The top 20 things not to say to a cop when he pulls you over.

20. I can’t reach my license unless you hold my beer.

19. Sorry officer, I didn’t realize my radar detector wasn’t plugged in.

18. Aren’t you the guy from the villiage people?

17. Hey, you must have been doing 125 to keep up with me, good job.

16. I thought you had to be in relatively good physical shape to be a police officer.

15. I was going to be a cop, but I decided to finish high school instead.

14. Bad cop. No donut.

13. You’re not going to check the trunk, are you?

12. Gee, that gut sure doesn’t inspire confidence.

11. Didn’t I see you get your butt kicked on cops?

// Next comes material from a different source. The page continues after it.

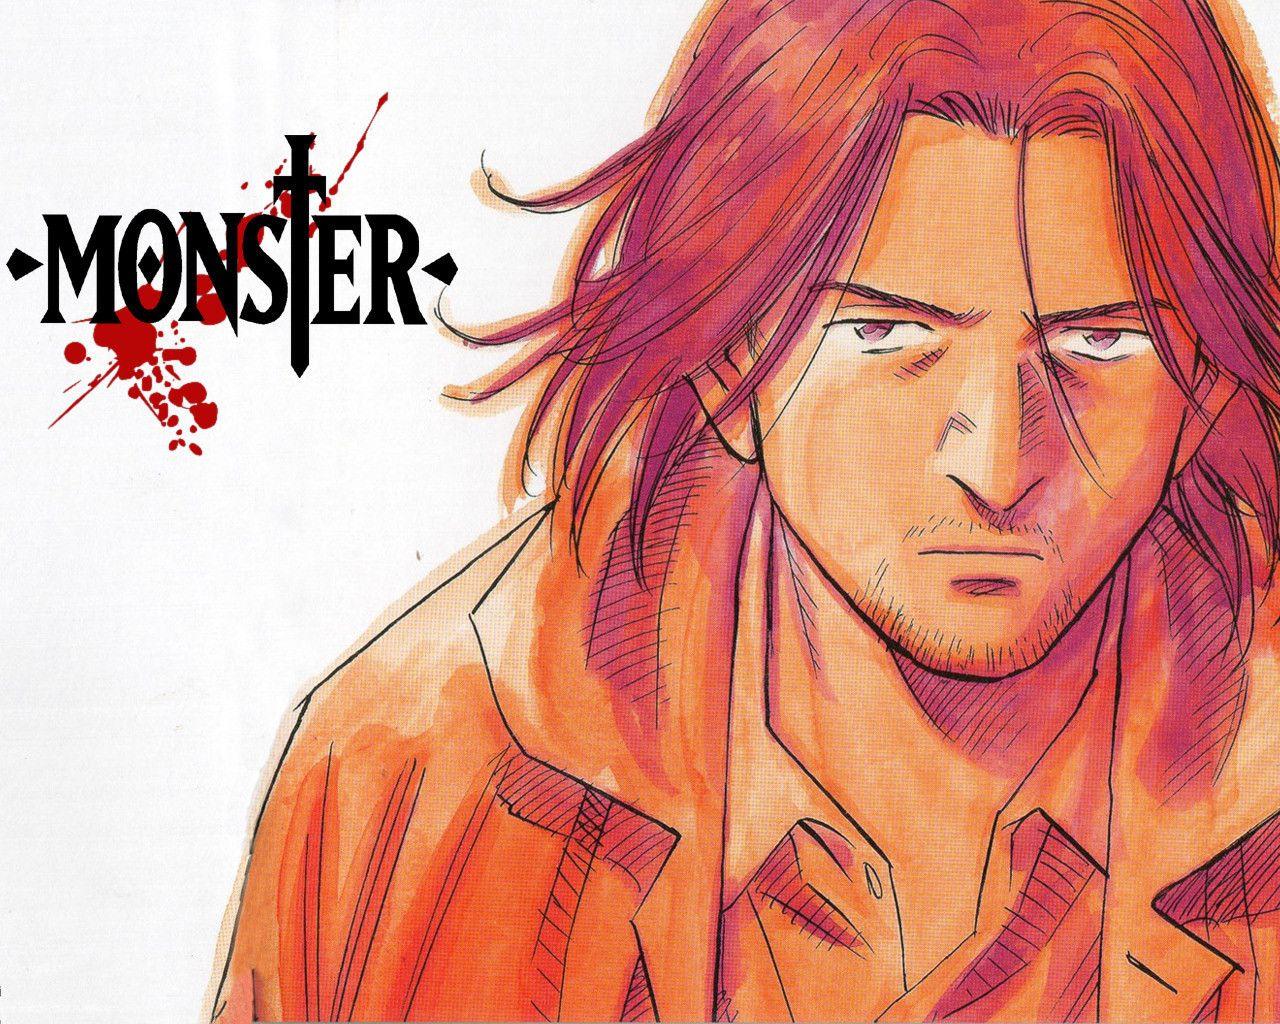 Monster: A Psychological Thriller by Naoki Urasawa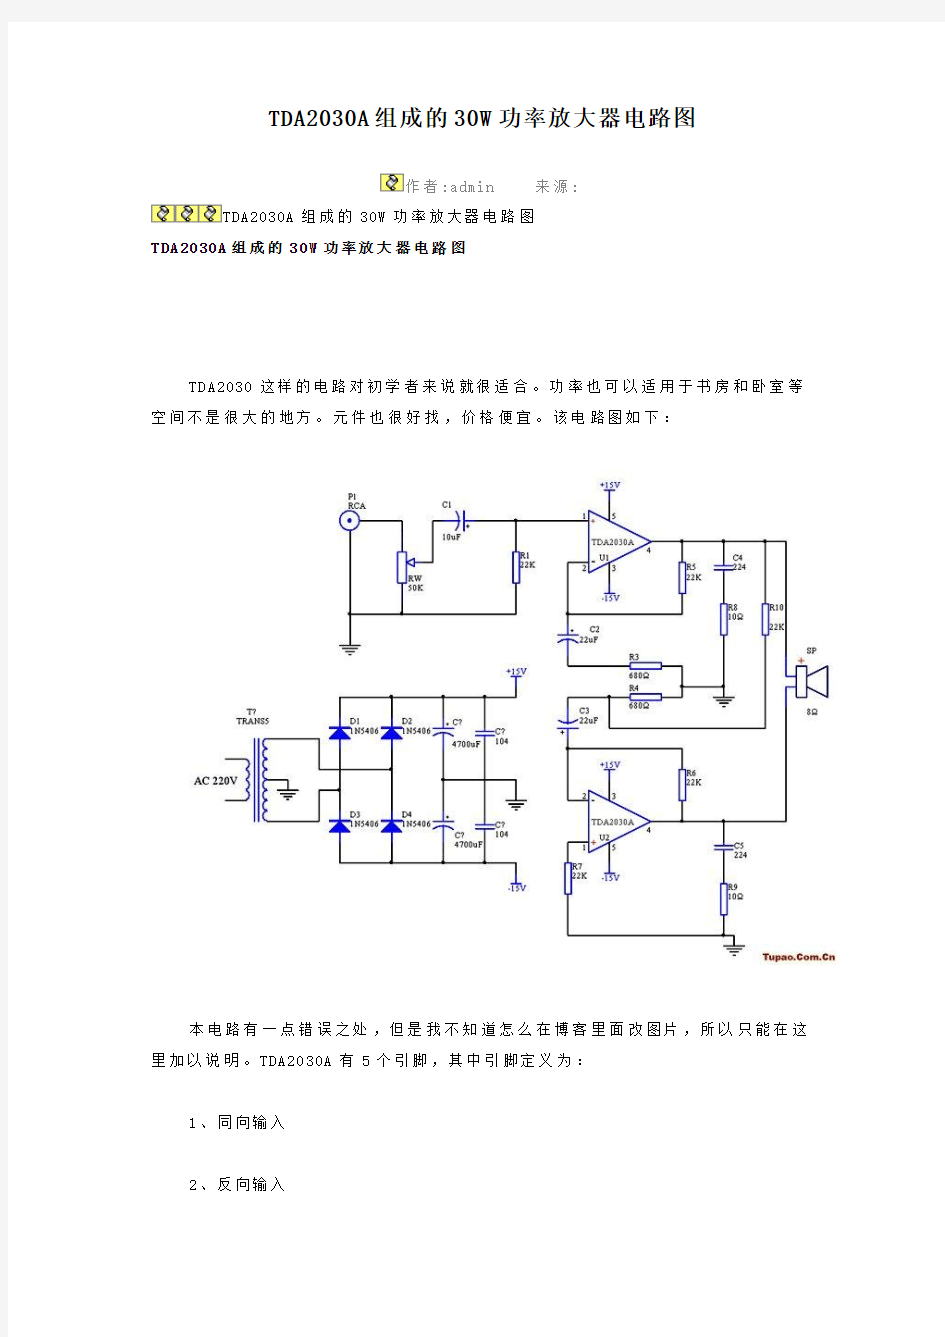 TDA2030A组成的30W功率放大器电路图

10. Is it true that people become cops because they are too dumb to work at McDonalds?

9. I pay your salary

8. So uh, you on the take or what?

7. Gee officer, that’s terrific. The last officer only gave me a warning.

6. Do you know why you pulled me over? Okay, just so one of us does.

5. I was trying to keep up with traffic. Yes, I know there is no other cars around, that’s how far they are ahead of me.

4. What do you mean have I been drinking? You are the trained specialist.

3. Well, when I reached down to pick up my bag of crack, my gun fell off of my lap and got lodged between the brake and the gas pedal, forcing me to speed out of control.

2. Hey, is that a 9mm? That’s nothing compared to this 44 magnum.

1. Hey, can you give me another one of those full cavity searches?